THE NEW CONCEPT
THE CONCEPT
The New Concept of NCR land development is being
formulated on the premise that the vast tract of such land can be turned
into "LAND BANK" with new forms of land ownership to enable it to be
developed on a large scale commercial basis. Such a development is the
only best way of transforming the rural sector from that of a traditional
and subsistence economy into a strong, sustainable, and modern economy.
The basic assumptions in this Concept are:
(a) Native Customary Rights (NCR) Land which are now unorganised and
fragmented could be turned into an economic asset through the creation of
NCR Land Bank;
(b) NCR Land Bank once created would pool together and
mobilise the resources of the natives with NCR land for large scale
development from which optimum returns could be realised;
(c) Plantation Development is the most natural and
practical way of developing NCR land on a large scale basis that could
provide optimum returns on investment on sustainable basis;
(d) NCR Land Bank with areas of 5,000 hectares and
above are attractive and viable for investment by the private investors
and as such, will not require Government fund to develop them.
Using the framework of the above assumptions, the development of NCR land
in Sarawak is conceptualised into one Commercial Development Model by: -
the bringing together of the native landowners with
their land and the private sector with its capital and expertise to
develop the NCR land for commercial estate on a joint- venture basis. In
order to facilitate the formation of such joint-ventures and to safeguard
the interests of both the landowners and the investor, the State
Government will appoint its agency such as LCDA as Trustee to manage the
interests of the landowners.
A standard land development model has been formulated
and approved by the State Government which can be summarised as follows: -
JOINT VENTURE MODEL
In this model, the government agency will hold in trust the interests of
the NCR landowners. The trustee will form a Joint Venture Company (JVC)
with a well established private sector company approved by the Government.
Land title will be issued to the JVC for a period of sixty (60) years (2
plantation cycles) for an agreed value. The monetary value generated by
the use of the land will be used for two types of investments:
(a) as 30 % equity in the JVC ( long term investment), and
(b) as cash for investment in Unit Trusts (investment
with fast return).
Progress of Existing NCR Land Development
Projects
As at 31 December 2008, 128,390 hectares of NCR Land have been planted with
oil palm. Out of this 44,907 hectares were planted under the New Concept
of Development on NCR Land. Out of the areas developed under the New
Concept, 62.08% or 27,877.59 hectares were in production.
Upcoming Projects
The Ministry is fully committed in achieving the target set by the State
government of having 400,000 ha of NCR land fully developed into oil palm
plantations by the year 2010. In this respect another 22
new NCR land areas throughout the State have been processed. By 31 March 2009 another 22 areas had been approved for development under the New Concept, bring the cumulative total to fifty-eight (58).

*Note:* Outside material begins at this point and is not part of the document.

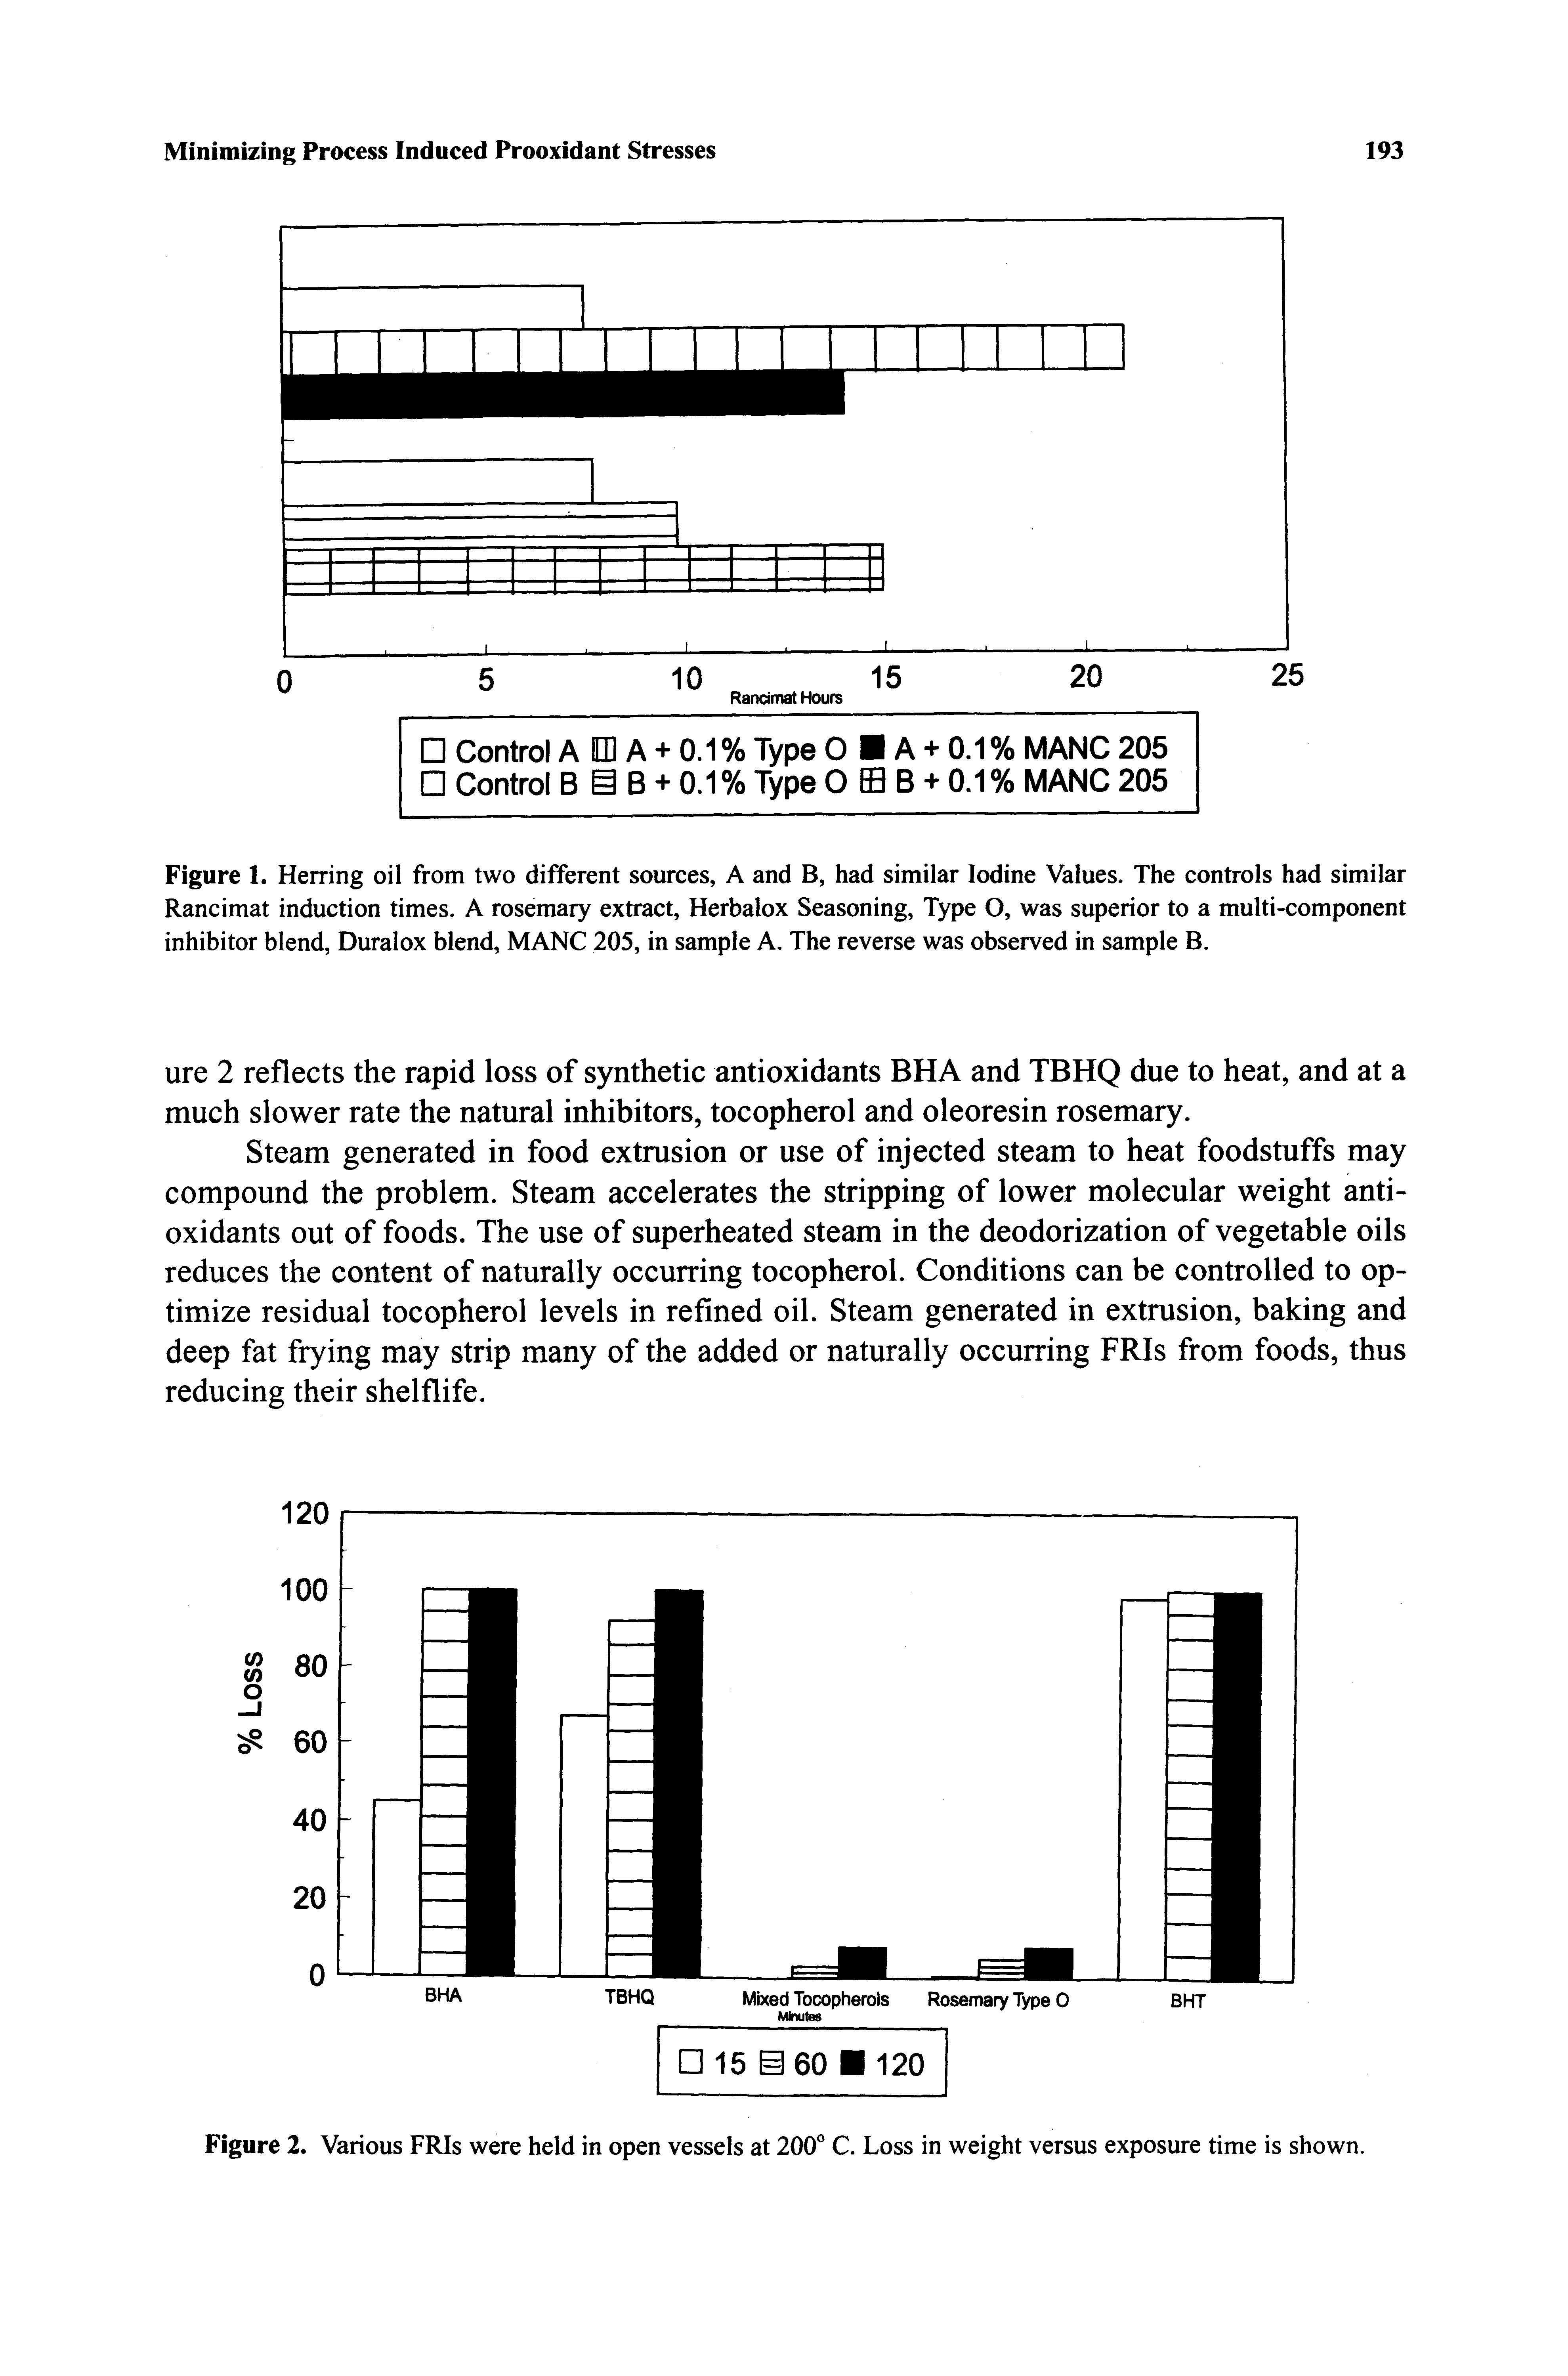 Figure 1. Herring oil from two different sources, A and B, had similar Iodine Values. The controls had similar Rancimat induction times. A rosemary extract, Herbalox Seasoning, Type O, was superior to a multi-component inhibitor blend, Duralox blend, MANC 205, in sample A. The reverse was observed in sample B.

PRIVATE SECTOR PARTICIPATION IN NATIVE
CUSTOMARY RIGHTS (NCR) LAND DEVELOPMENT
The State Government of Sarawak has long encouraged the private sector to
take the lead in large scale land development for plantations. The New
Concept of Land Development on NCR Land was formulated to further enable
the private sector to be actively involved in the commercial development
of the vast, but underutilized, NCR land found throughout the state.

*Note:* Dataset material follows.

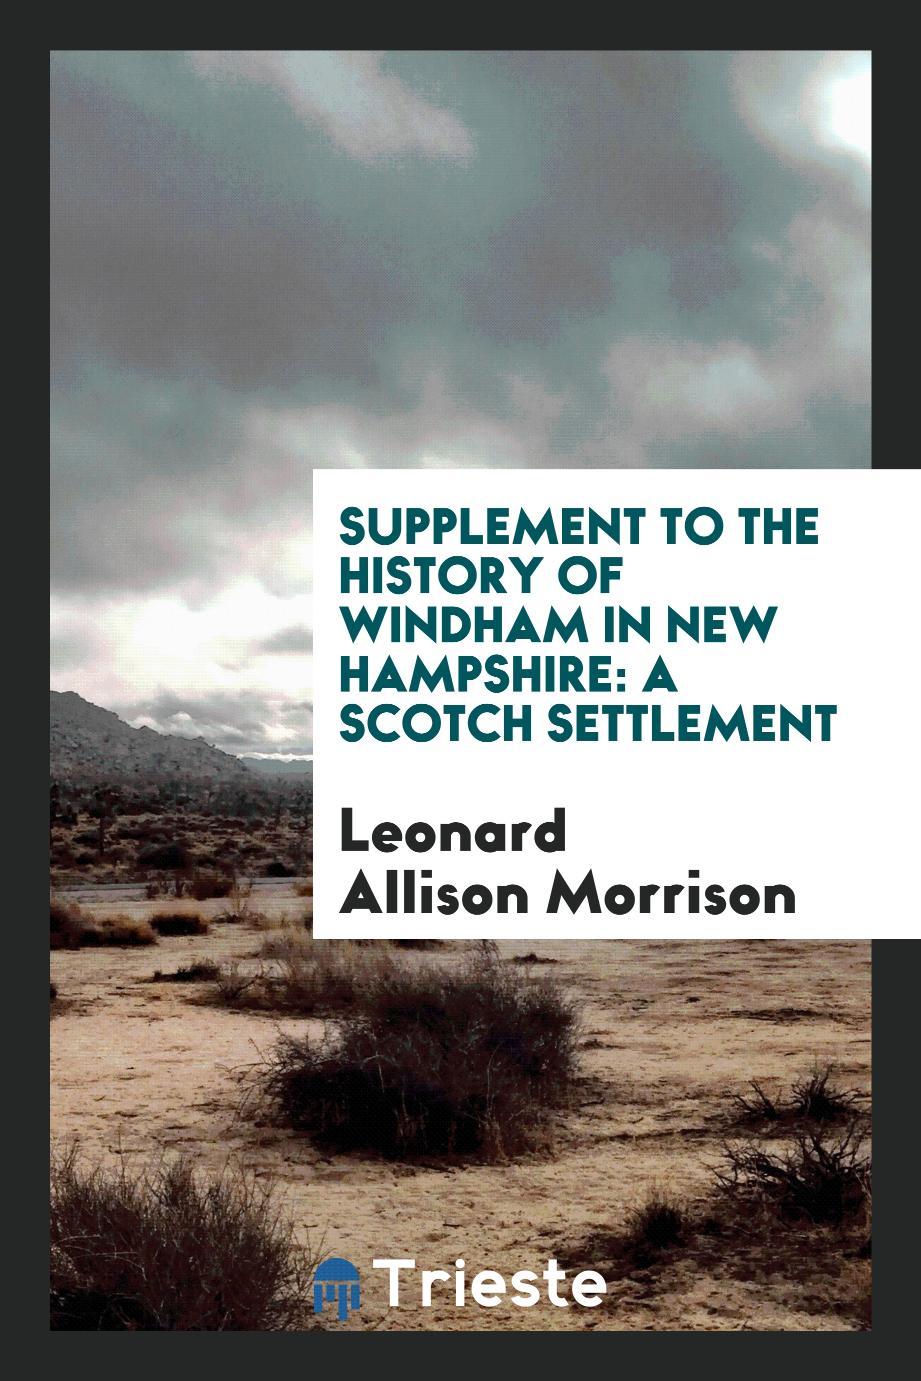 Supplement to The History of Windham in New Hampshire: A Scotch Settlement

Private sector companies interested to invest in NCR
land development has to apply to either the Ministry of Land Development
or the Land Custody and Development Authority to register their interest.
The following information/documents should be submitted together with
their applications:
| 1. |
Up-to-date Corporate Profile for the Company, and if
applicable, for the Group also. |
| 2. |
Memorandum and Articles of Association |
| 3. |
Form 24 |
| 4. |
Form 9 & 13 (if applicable) |
| 5. |
Form 49 |
| 6. |
Annual Reports for the last 5 years incorporating the
audited Financial Statements. |
| 7. |
List of persons holdings shares in the Company and an
account of the shares held extracted from the Companys latest Annual
Return. |
| 8. |
Supporting evidence of relevant technical and management
capability if core business has been outside the oil palm plantation
industry. |
| 9. |
A Detailed Project Proposal (if applicant has details of
the area applied for or has undertaken field reconnaissance survey of
the area) or a Preliminary Project Proposal if details of the area
applied for are not available.
In either case, the Project Proposal must include the following:
(i) An implementation/development plan
(ii) A financing plan which should also state clearly the source and cost
of fund
(iii) An analysis of financial viability in terms of IRR, NPV,
Break-even measures such as the Payback Period and/or the accounting
break-even point, and
(iv) Sensitivity analysis.
All
assumptions used must be clearly stated.